Davacı vekili dava dilekçesinde özetle müvekkilinin Mayıs 2012 tarihinde baskısı yapılan ve yazarı Dougles Forbes olan “…” ve Nisan 2010 tarihinde baskısı yapılan ve aynı yazara ait olan “…” ile Mayıs 2012 tarihinde baskısı yapılan “…” isimli 3 adet kitabın fikir ve sanat eserleri kanunu ilgili maddeleri çerçevesinde tanımlanan mali haklar ve manevi hakları kullanma yetkisine sahip olduğunu belirterek yine … sisteminin ve matematik formülünün yaratıcısının … olup hali hazırda bu konudaki eğitimlerin Türkiye yetkilisi … tarafından verilmekte olduğunu, davalının kendisinin katıldığı ulusal ve yerli televizyon kanallarından “…” olarak müvekkiline ait formülleri kullanarak analizler yaptığını ayrıca … adlı Aralık 2013 tarihinde baskısını yaptırdığı kitapta herhangi bir atıfta bulunmadan davacının çevirdiği kitaplardan birebir alıntılar yaptığı, bu yönden Fikir ve Sanat Eserleri Kanunundaki mali hakları ihlal ettiğini, davalının kendisine keşide edilen … 20.Noterliği’nin… tarihli … numaralı ihtarnamesine rağmen bunu yaptığını belirtmekle FSHK ve TBK’dan doğan fazlaya ilişkin hakları saklı tutularak 50.000-TL maddi ve 100.000-TL tazminatını davalıdan tahsilini talep ettiği görülmektedir.

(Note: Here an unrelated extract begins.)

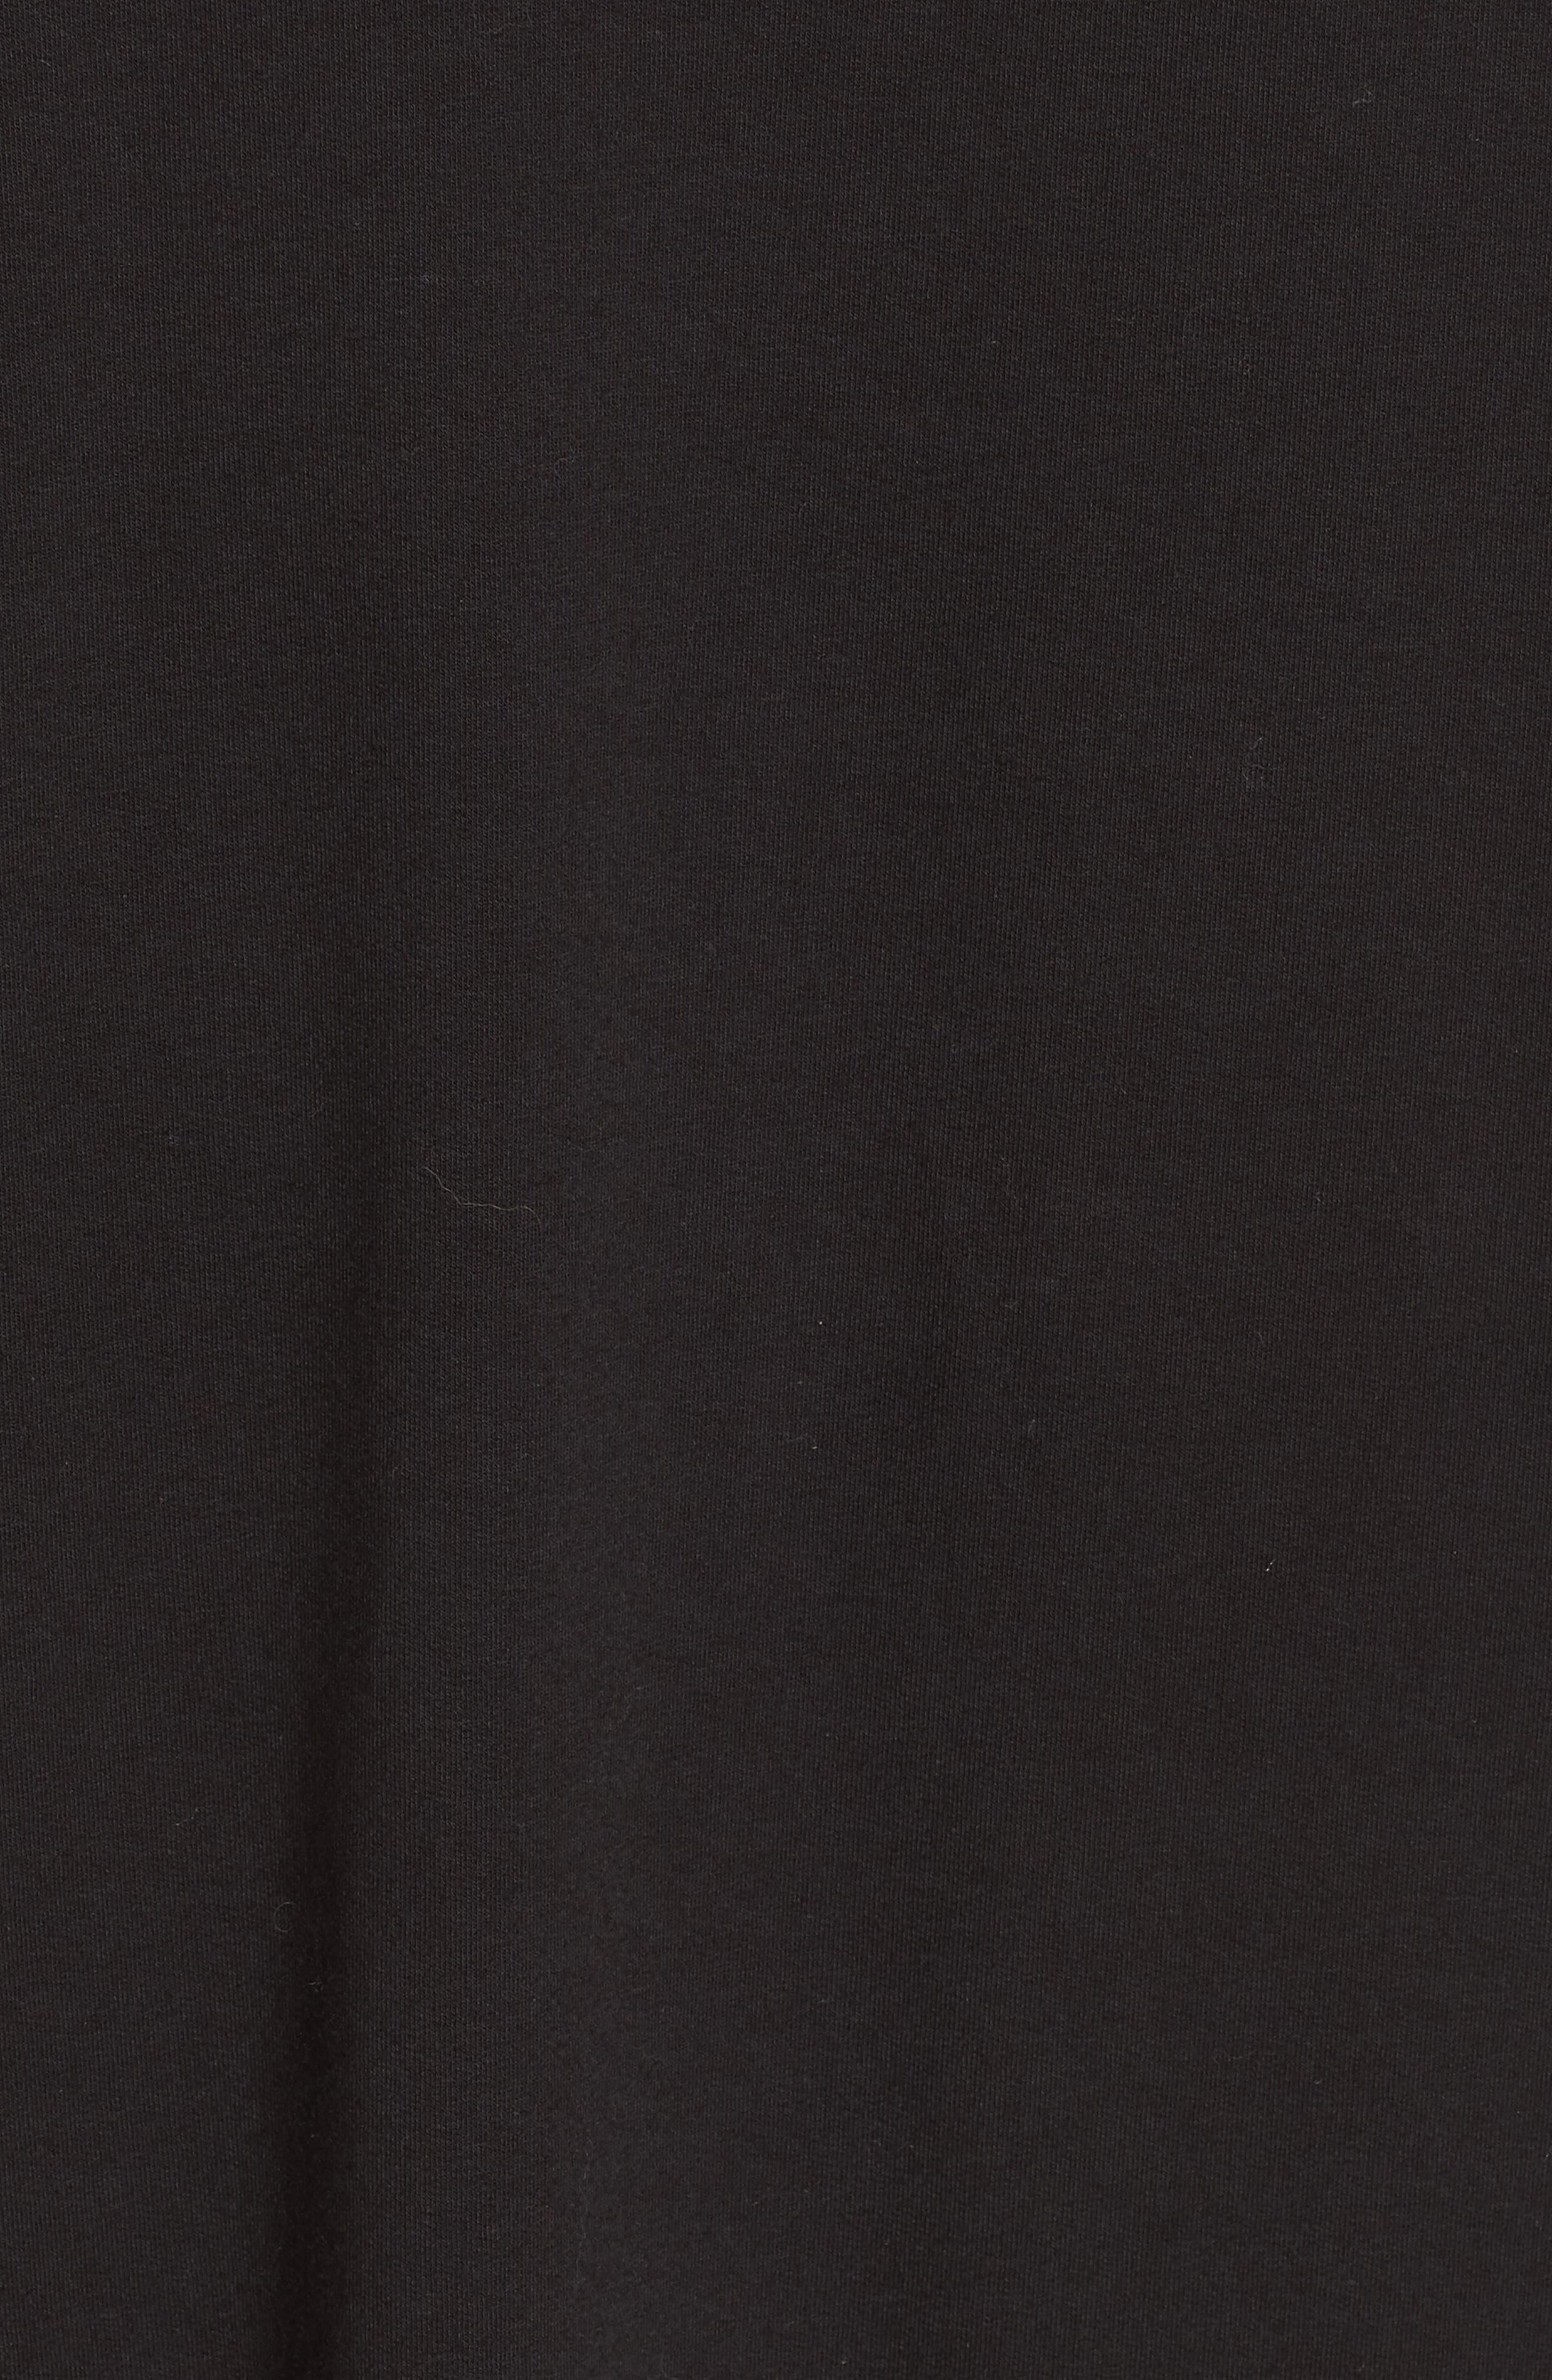 Asymmetric Sweatshirt Dress,                             Alternate thumbnail 6, color,                             BLACK

Eser sahipliğinin değerlendirilmesi bakımından; FSEK kapsamındaki uyuşmazlıkta dava konusu fikri ürünün “eser” niteliği taşıyıp taşımadığı re’sen araştırılmalıdır. FSEK’in 1/B maddesinde öngörülen tanım dikkate alındığında bir fikir ve sanat ürününün eser olarak nitelendirilebilmesi için iki unsuru haiz olması gerekir. Bunlardan ilki, fikir ve sanat ürününün “ sahibinin hususiyetini taşıması”, ikincisi ise kanunda sayıları eser kategorilerinden birine dahil olmasıdır. Doktrinde, bu unsurlardan ilkine sübjektif unsur” veya “esasa İlişkin şart’, ikincisine ise “objektif unsur” veya “şekle ilişkin şart” denilmektedir. Subjektif unsur gereğince, bir fikir ve sanat ürününün eser olarak kabul edilebilmesi için, bu ürünün onu meydana getiren kişinin “hususiyetini” taşıması gerekmektedir. Başka bir deyişle eser onu yaratan zihnin bireyselliğini gösteren özellikler taşımalıdır. Objektif unsur gereğince, bir fikir ve sanat ürününün hukuk alanında korunmayı hak edebilmesi için, sahibinin hususiyet arz eden fikri çabasının somut neticesi olması gerekir. Başka bir deyişle bu fikri çaba gözle görülebilir, elle tutulabilir, kulakla duyulabilir, kısaca algılanabilir olmalıdır. Fikir ve düşünceler, ancak bir şekle büründüğünde yani eser formunda açıklığında fikri hukuk kapsamına girer . Diğer taraftan eserde algılanabilir olma dışında düşüncenin açıklanış formati da önemlidir. Yani fikir ve sanat ürününün FSEK’te öngörülmüş olan düşünceyi ifade formatlarından birine dahil olması gerekir. FSEK’te eser formatları olarak; ilim ve edebiyat eserleri, musiki eserleri, güzel sanat eserleri, sinema eserleri ve bağlı eser olarak kabul edilen işlenme eserler gösterilmiştir. Dolayısıyla bir fikir ve sanat ürününü bu formatlardan birine sokmak mümkün değilse, onu kanuna göre eser saymak ve korumak da mümkün olmayacaktır.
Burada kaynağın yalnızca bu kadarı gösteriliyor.